- WHAT YOU HAVE TO DO -
Using the data below, restate exactly every line from the one with "Architecture Beach Boutique" up to and including the one with "Chop the wild mushrooms". No picture belongs in it.

- GIVEN RECORDS -
⟨

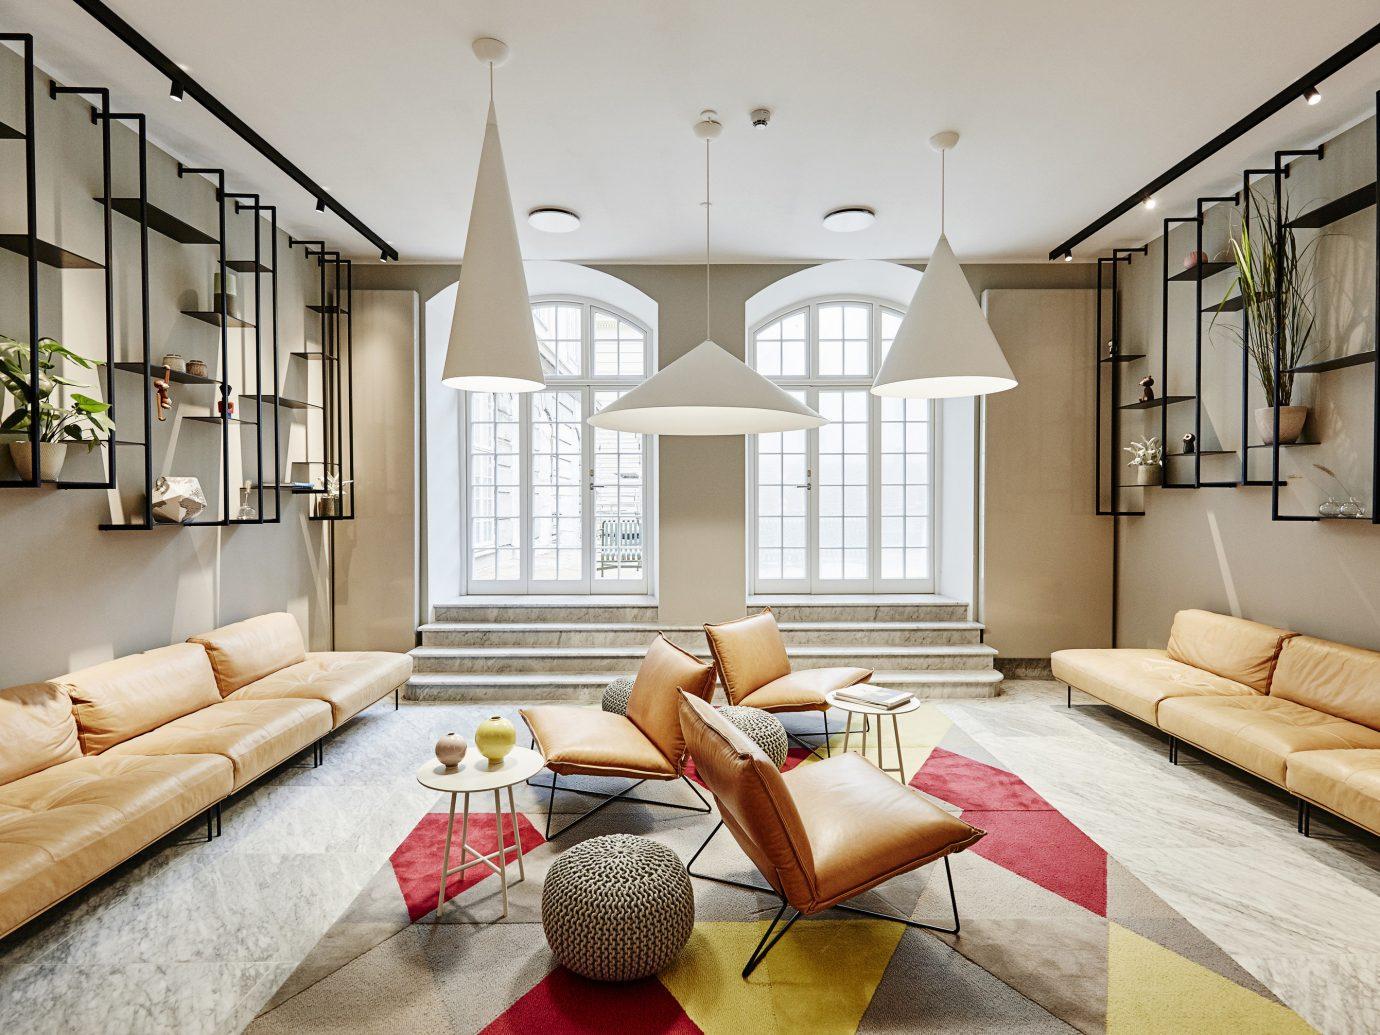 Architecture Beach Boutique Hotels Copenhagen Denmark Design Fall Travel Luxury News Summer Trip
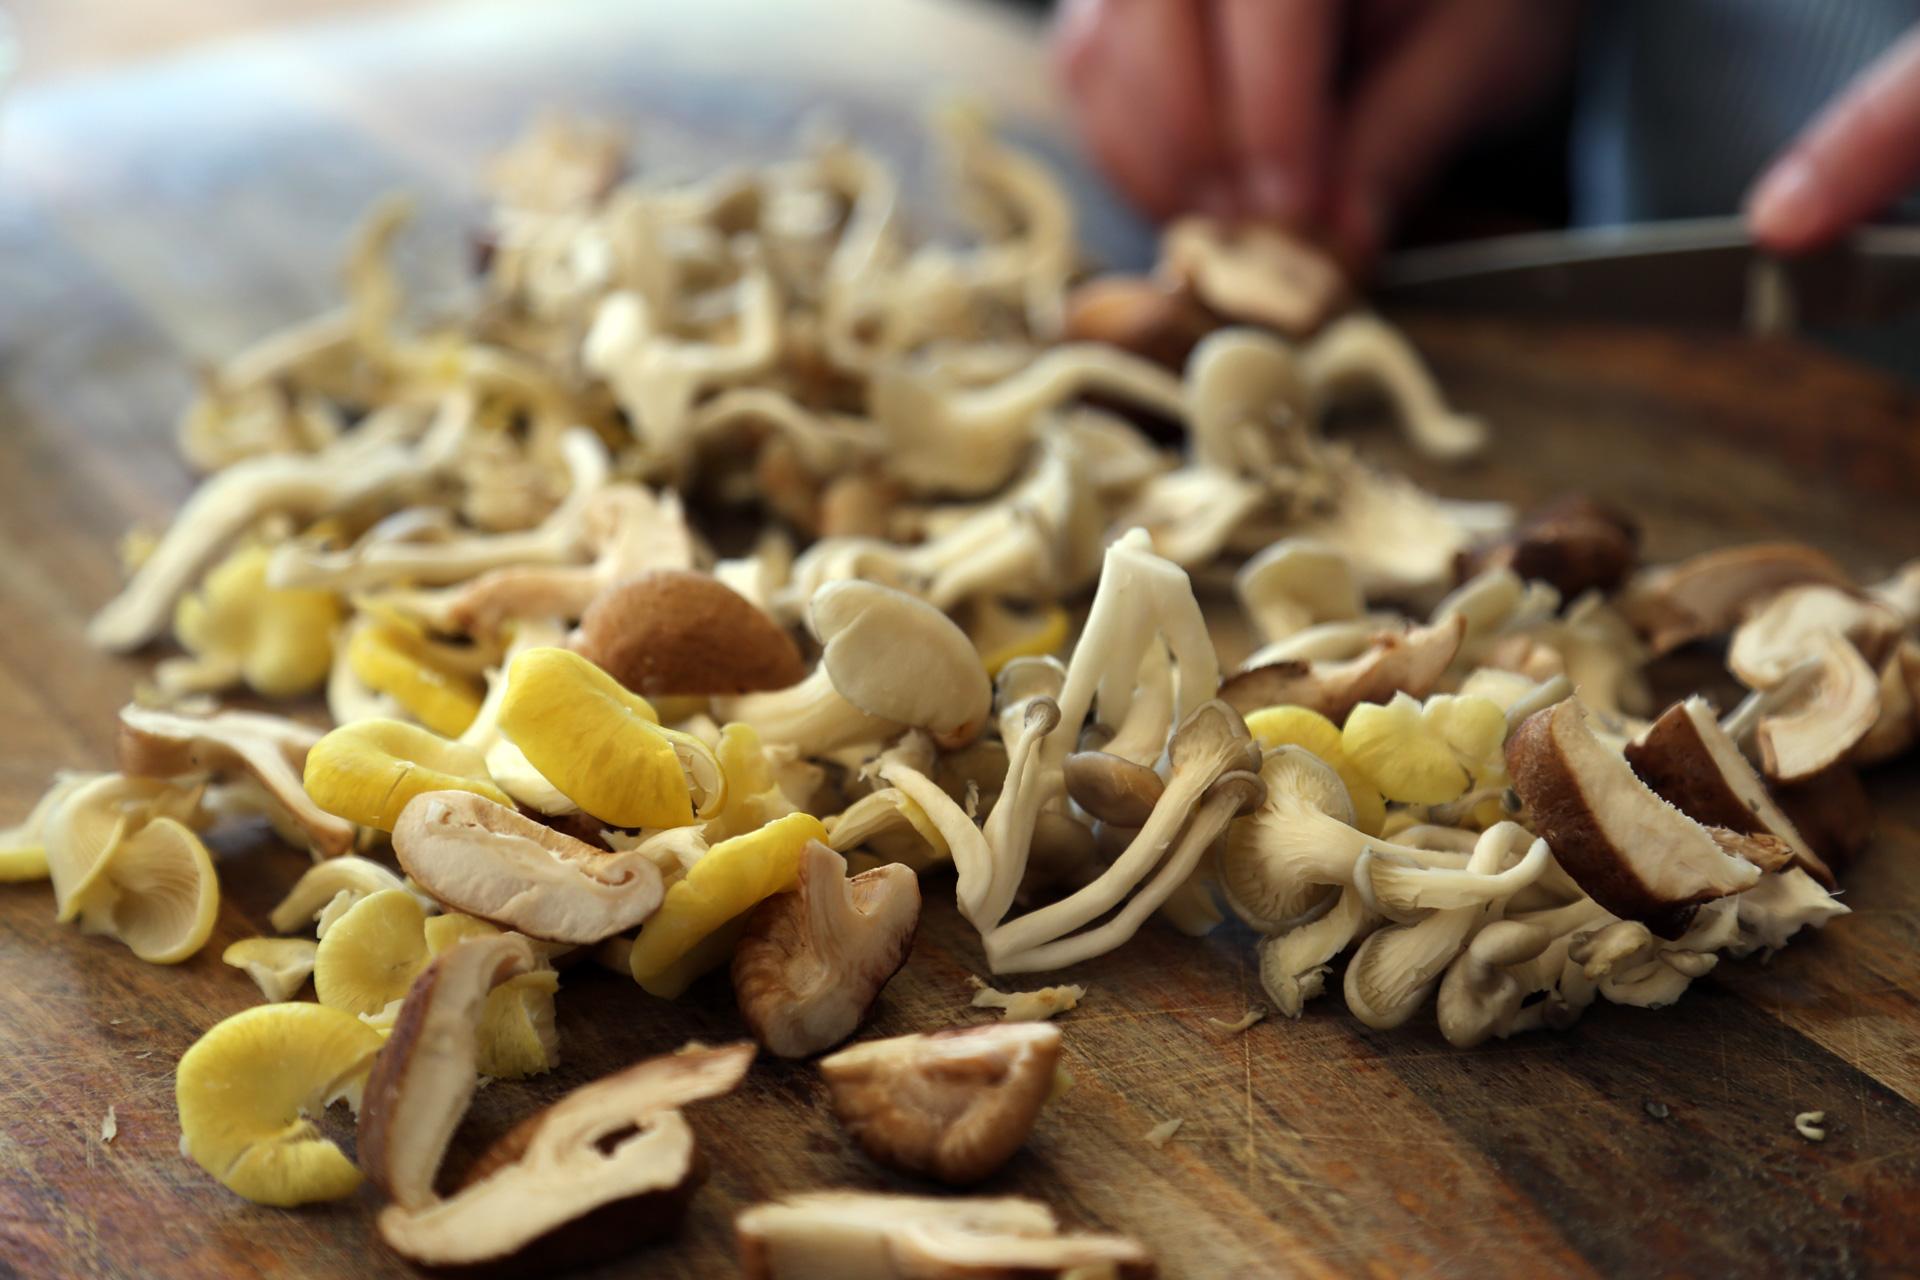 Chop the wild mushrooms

⟩
⟨

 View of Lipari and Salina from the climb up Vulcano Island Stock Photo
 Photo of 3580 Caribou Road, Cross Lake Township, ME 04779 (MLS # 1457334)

⟩

- RESPONSE FOR THIS EXERCISE -
 Architecture Beach Boutique Hotels Copenhagen Denmark Design Fall Travel Luxury News Summer Trip
 Chop the wild mushrooms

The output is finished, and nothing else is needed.